• [Task description] Return exactly, and only, the lines from the line containing "1961 Ferrari 250 GTE engine #2451GTE" through the final line of the records below, both included.

= Beginning of Section =

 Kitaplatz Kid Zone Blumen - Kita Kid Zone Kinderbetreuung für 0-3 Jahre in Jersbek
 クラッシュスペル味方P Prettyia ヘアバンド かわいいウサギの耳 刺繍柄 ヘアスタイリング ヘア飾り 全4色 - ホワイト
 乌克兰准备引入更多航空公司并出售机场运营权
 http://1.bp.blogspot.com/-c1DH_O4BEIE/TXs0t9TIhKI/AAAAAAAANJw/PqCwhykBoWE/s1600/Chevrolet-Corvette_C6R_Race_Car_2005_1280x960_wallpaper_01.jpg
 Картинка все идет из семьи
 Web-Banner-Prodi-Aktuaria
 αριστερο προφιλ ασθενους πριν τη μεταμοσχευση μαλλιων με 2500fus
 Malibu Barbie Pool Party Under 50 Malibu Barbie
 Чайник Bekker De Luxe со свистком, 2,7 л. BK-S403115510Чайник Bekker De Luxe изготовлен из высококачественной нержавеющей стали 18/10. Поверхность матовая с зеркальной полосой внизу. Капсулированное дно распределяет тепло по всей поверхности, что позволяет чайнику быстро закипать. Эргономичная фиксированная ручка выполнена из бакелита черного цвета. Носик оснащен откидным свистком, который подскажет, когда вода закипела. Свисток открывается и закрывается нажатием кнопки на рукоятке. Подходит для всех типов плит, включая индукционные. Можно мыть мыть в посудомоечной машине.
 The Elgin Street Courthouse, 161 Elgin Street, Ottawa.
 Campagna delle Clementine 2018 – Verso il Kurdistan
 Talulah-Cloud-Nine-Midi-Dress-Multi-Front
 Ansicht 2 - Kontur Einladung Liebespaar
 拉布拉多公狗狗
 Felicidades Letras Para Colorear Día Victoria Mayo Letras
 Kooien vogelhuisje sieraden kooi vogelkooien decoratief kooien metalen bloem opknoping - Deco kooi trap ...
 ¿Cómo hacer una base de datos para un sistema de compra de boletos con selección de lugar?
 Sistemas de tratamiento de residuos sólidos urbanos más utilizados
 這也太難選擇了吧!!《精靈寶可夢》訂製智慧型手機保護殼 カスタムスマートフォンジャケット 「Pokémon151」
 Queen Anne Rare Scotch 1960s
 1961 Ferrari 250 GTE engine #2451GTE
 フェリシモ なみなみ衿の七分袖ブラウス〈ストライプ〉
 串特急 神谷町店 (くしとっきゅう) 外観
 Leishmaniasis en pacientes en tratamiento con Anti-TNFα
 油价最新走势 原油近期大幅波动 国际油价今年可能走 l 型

= End of Section =

• [Answer to the problem]
 1961 Ferrari 250 GTE engine #2451GTE
 フェリシモ なみなみ衿の七分袖ブラウス〈ストライプ〉
 串特急 神谷町店 (くしとっきゅう) 外観
 Leishmaniasis en pacientes en tratamiento con Anti-TNFα
 油价最新走势 原油近期大幅波动 国际油价今年可能走 l 型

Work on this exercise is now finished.